Remembering The Day Half My Heart Got Wings
“The times you lived through, the people you shared those times with — nothing brings it all to life like an old mix tape. It does a better job of storing up memories than actual brain tissue can do. Every mix tape tells a story. Put them together, and they can add up to the story of a life.”
― Rob Sheffield, Love Is a Mix Tape
Recently I was asked to write about how it’s been the last three years since my dear Sarah’s death. The last month has been one of many struggles personally and internally with ‘coach’ doing her best to bust open the rusty chest. I usually seem to resist in my own way by attempting to appear much stronger than I actually am. But then on the hot car ride, more like a convection oven on wheels with no air conditioning in the hot Texas sun, to whatever residence I’m currently occupying are the awaiting late nights and very lonely tears in whatever solitude I might find.
The one thing I am coming to understand that no matter how much you consciously or unconsciously try to either force progress or resistance, the moment only seems to reveal itself when it’s time. Mind you this is not a conscious resistance but more one of years of conditioning. This has often led to much frustration on my part behind a curtain of smiles and laughter. Nevertheless, I have been wanting and wishing for this much needed painful moment like “Lasterday” as our 6 year-old says.
With the struggles and seemingly endless supply of frustrations of everyday life something either good or bad was bound to happen. Knowing and subsequently feeling the almost familiar impending doom of something unidentifiably, uncomfortable and scary about to reveal itself, all I could do was wait for whatever it was that was about to happen. Usually, these feelings come with some form of outwardly aggressive behaviors that lead to some unpleasant event. However, the moment that I had been wanting and needing the last 3.5 years would finally reveal itself.
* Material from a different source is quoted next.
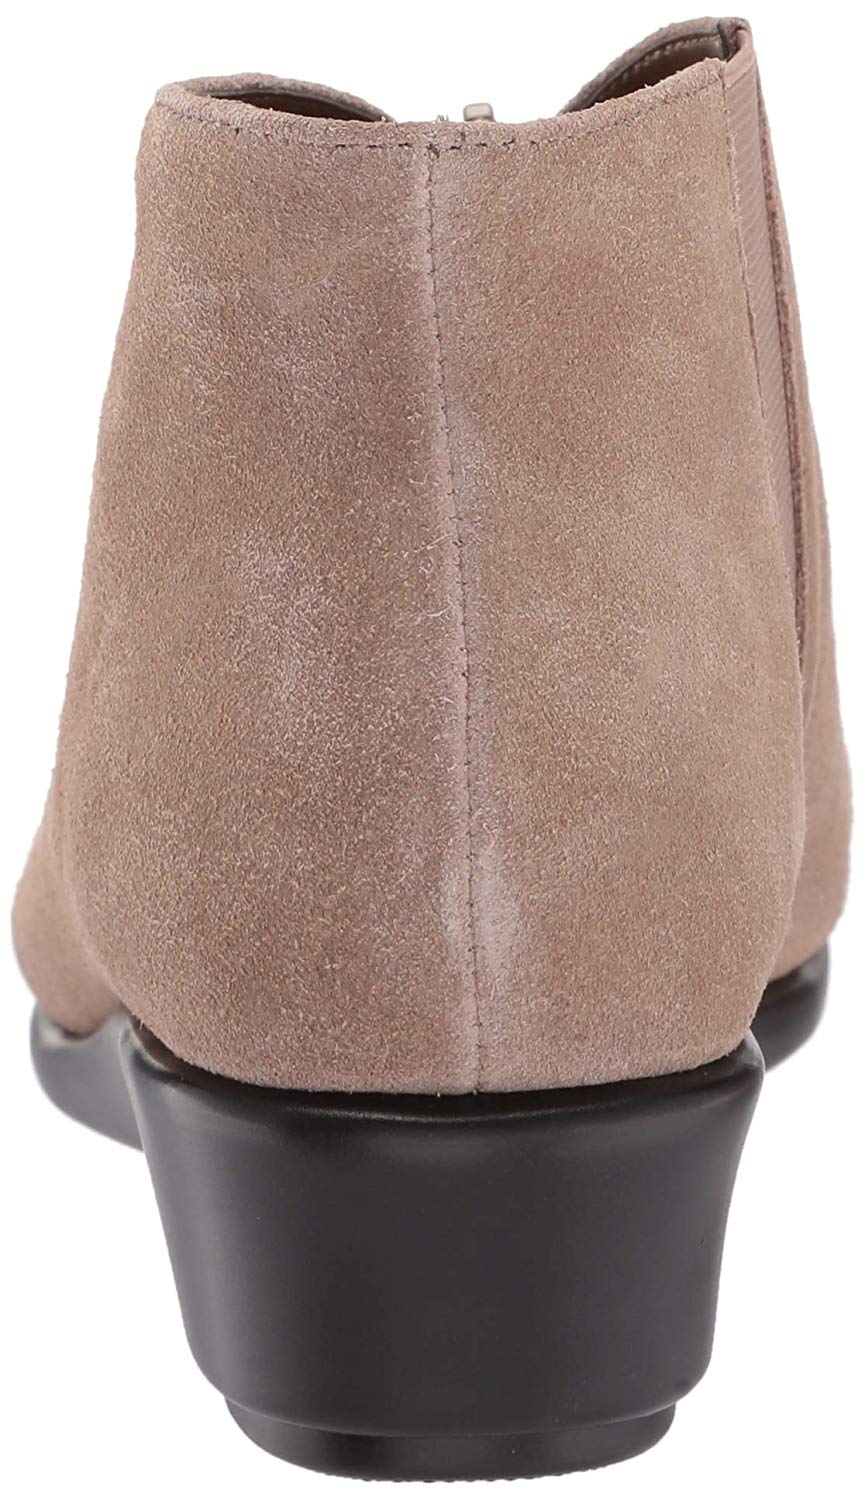 Aerosoles Women's Allowance Loafer, Tan Suede, Size 7.5 UsO1 | eBay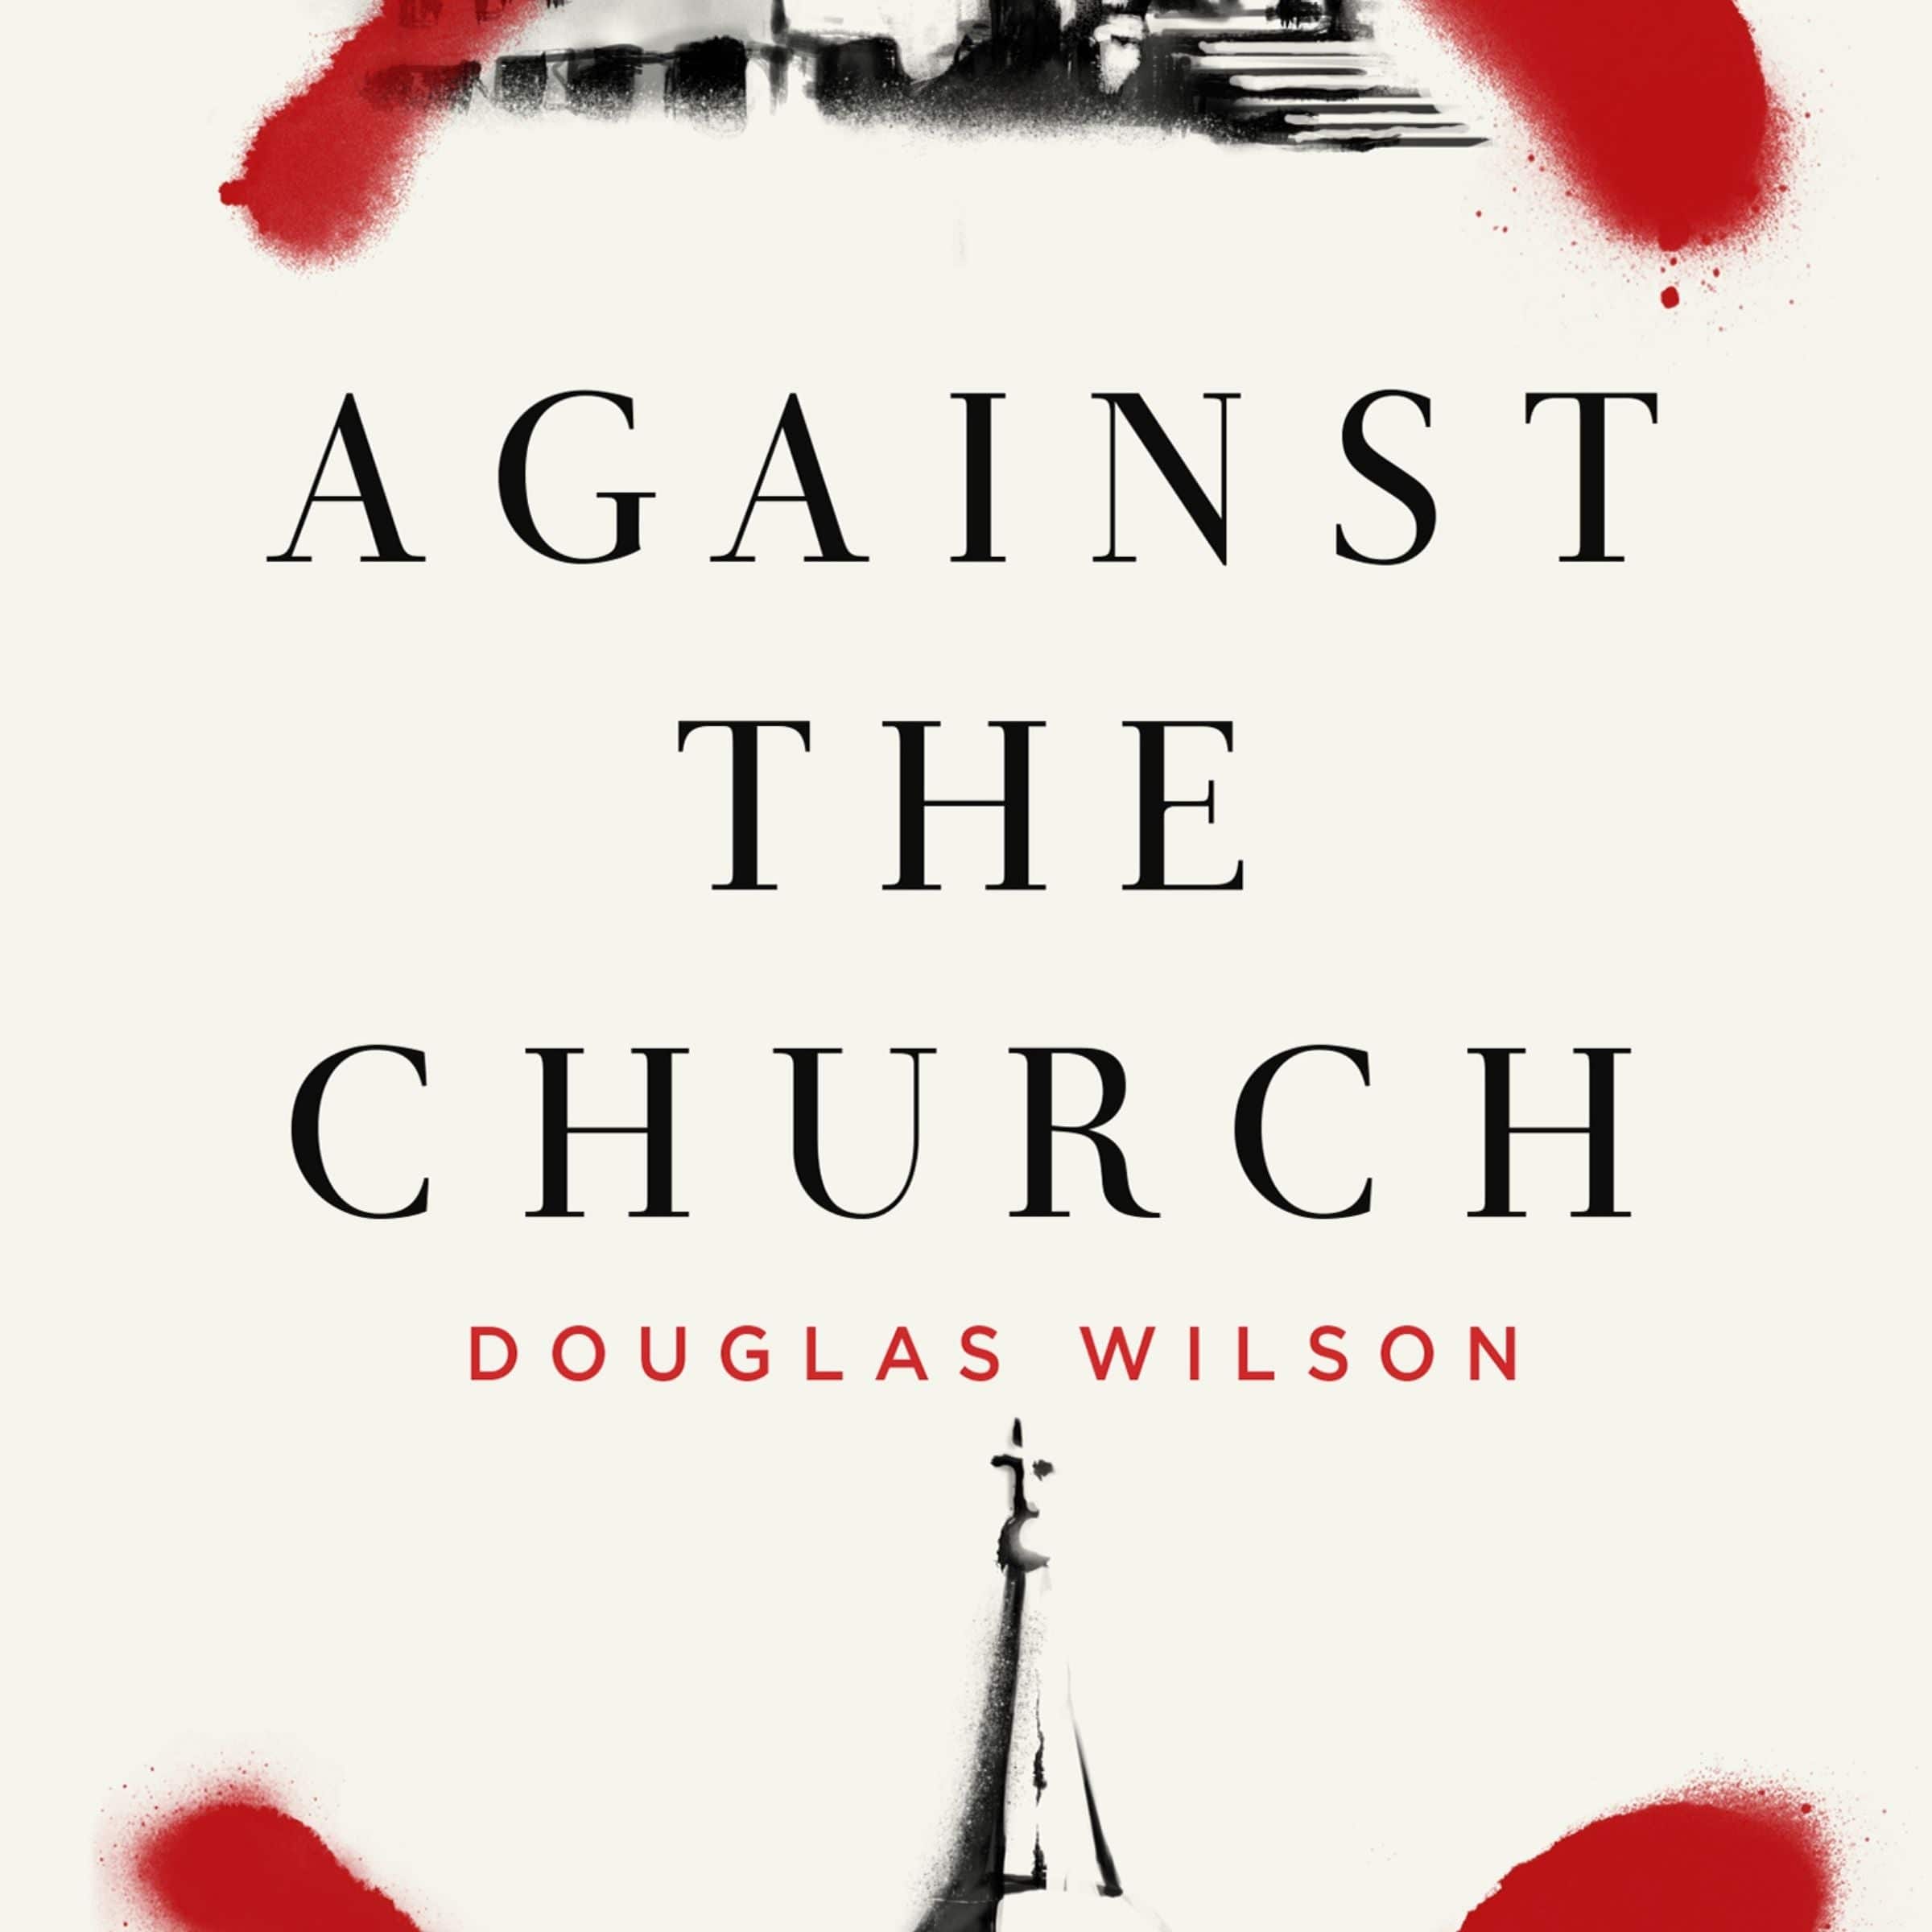 Against the Church

I’m not actually sure why this particular time was the right time for this level of grief but nevertheless it would happen. I’m usually pretty damn good at covering up a lot of painful feelings through my humor but Texas struggles seem to be the site of more and more private tears. Maybe it’s just part of the process but “coach” has been gentle and we have trusted and allowed her guidance. The total mental exhaustion sometimes doesn’t leave much energy for writing. And in these times solitude and rest seem to be about the only event in which I can muster any energy.
The struggles of living in an internal world that most can’t comprehend and an outer world that I don’t fit in bares a very heavy weight on both my mind and my heart. And particularly when I feel like I’m trying to move through life with shoes made of concrete are the times when I want to quickly pick up the phone and call Sarah for her guidance and reassurance. The reality of the loneliness and emptiness of every such situation the last 3.5 years since her death only brings about tears with little to laugh about when I selfishly need her right then. And the emptiness seems not able to be filled by anyone but her still at this time. I have searched but diamonds like that are not easily found.
These past few weeks have brought the feelings of loneliness, abandonment and grief that I buried back in February 2015 and has been recently staring me in the face. Only when I didn’t avoid the eye contact with my demon did the finality and the pain of her death bring me to my knees in anguish. My eyes swollen many mornings from several long nights of stinging tears made me look like I had taken a beating from a prized fighter. It wasn’t until I was reading a former blog post called Passing The Torch that I realized that one possible contributing factor was that her approaching birthday of July 11th was drawing near. This just seemed to make the grief that much more painful. I knew that I had been missing her but her birthday just seemed to creep up on me like a dark figure until there was no escape from the shadowed figure. I didn’t want anyone else’s comfort. I wanted HER and ONLY HER. The only way I was able to explain how it felt was like it was the day of her death and my heart was hemorrhaging. I just hurt all over.
A most well voiced lady one day wrote and spoke about death so eloquently. Dr. Maya Angelou, describes this feeling perfectly…..
When I Think Of Death
When I think of death, and of late the idea has come with
alarming frequency, I seem at peace with the idea that a day
will dawn when I will no longer be among those living in this
valley of strange humors.
I can accept the idea of my own demise, but I am unable to
accept the death of anyone else.
I find it impossible to let a friend or relative go into that
country of no return.
Disbelief becomes my close companion, and anger follows in
I answer the heroic question ‘Death, where is thy sting?
‘ with ‘ it is here in my heart and mind and memories.’
Very simply put I have been lost since the day Sarah took her last breath. I was fortunate to have been in the room when she did that very thing. She and I both made a promise that we would be in each other’s lives until the very end. I, honestly, never thought that it would be so soon but I was blessed to have seen and been a part of many different areas and roles of her life. My life was blessed, as well as, 1000’s of other people mainly other addicts and alcoholics that she chose to plant the initial seed of recovery in some way into their lives. And to have she and her husband Doug at my undergraduate college graduation several years back was a day that I couldn’t stop smiling. I look forward to joining her, at some point, once again in an effort to make part of my heart whole again. For 15 years, I was blessed to have a beautiful, authentic and loving creature touch mine in a way that I will respectfully always call her my “Chosen Mom.” Because the day she died was the day that half of my heart also got wings.